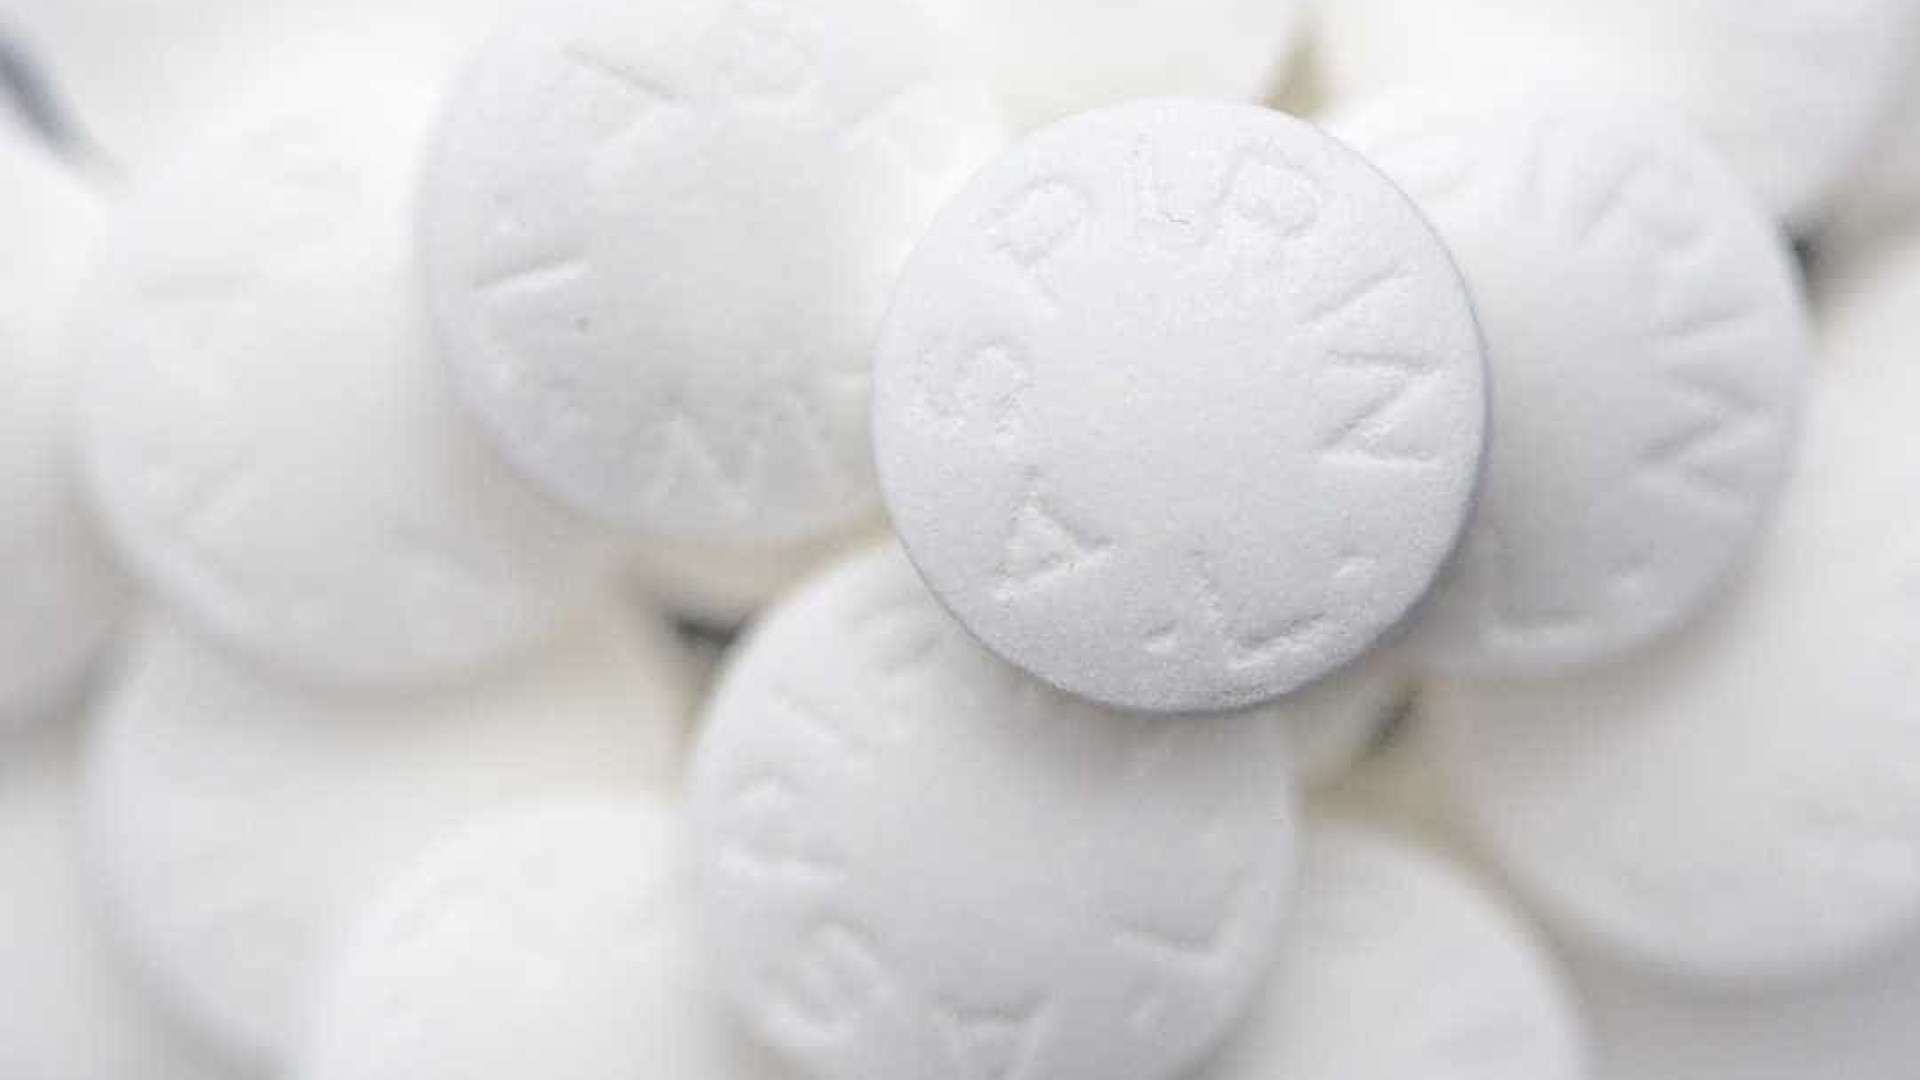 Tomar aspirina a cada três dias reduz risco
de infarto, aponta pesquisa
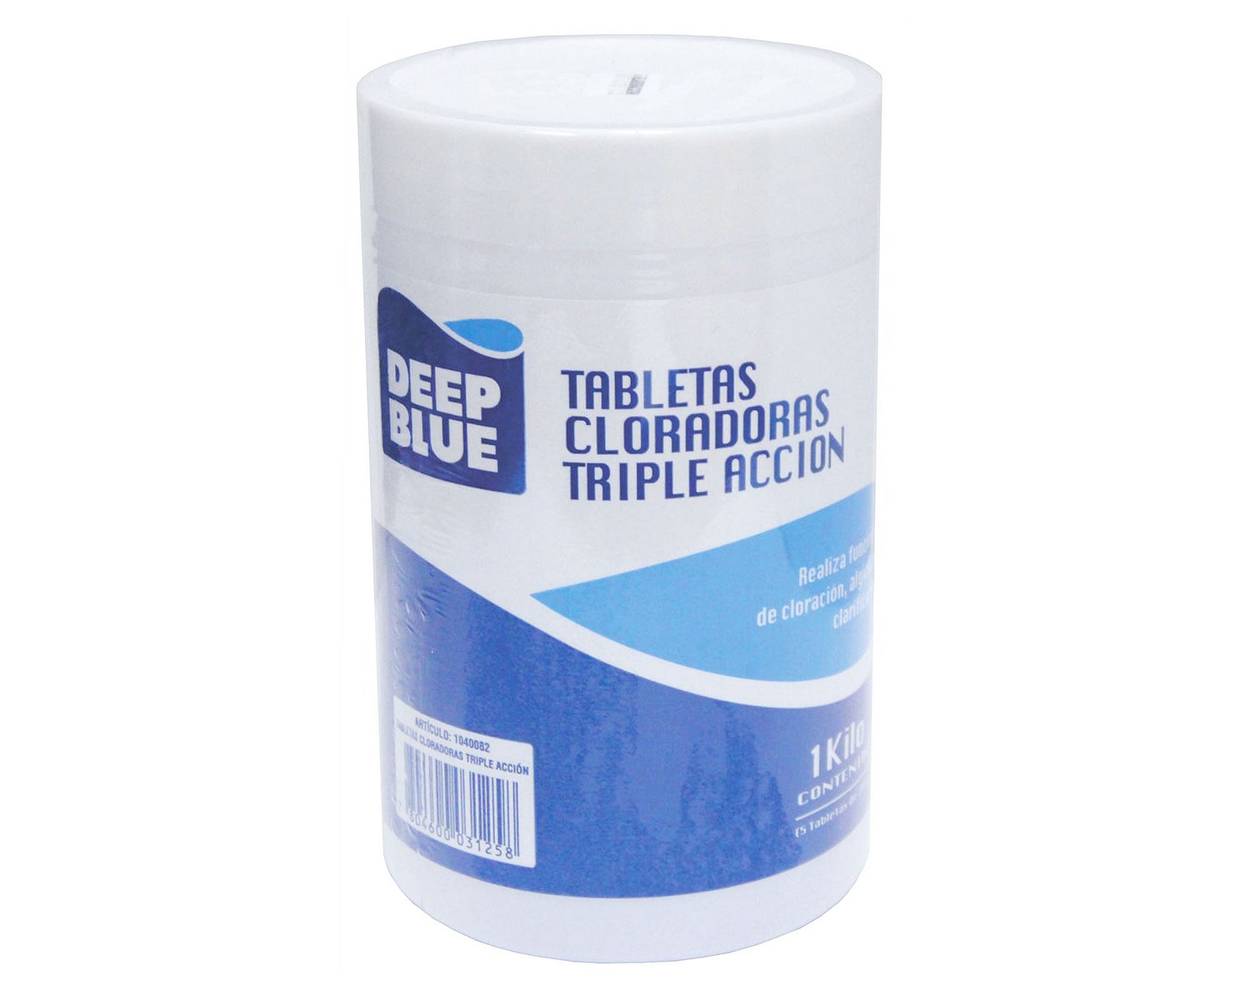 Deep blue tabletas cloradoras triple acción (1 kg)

### What you will do
The data above are to be repeated word for word, with any pictures left out.

### Solved exercise
 Tomar aspirina a cada três dias reduz risco
de infarto, aponta pesquisa
 Deep blue tabletas cloradoras triple acción (1 kg)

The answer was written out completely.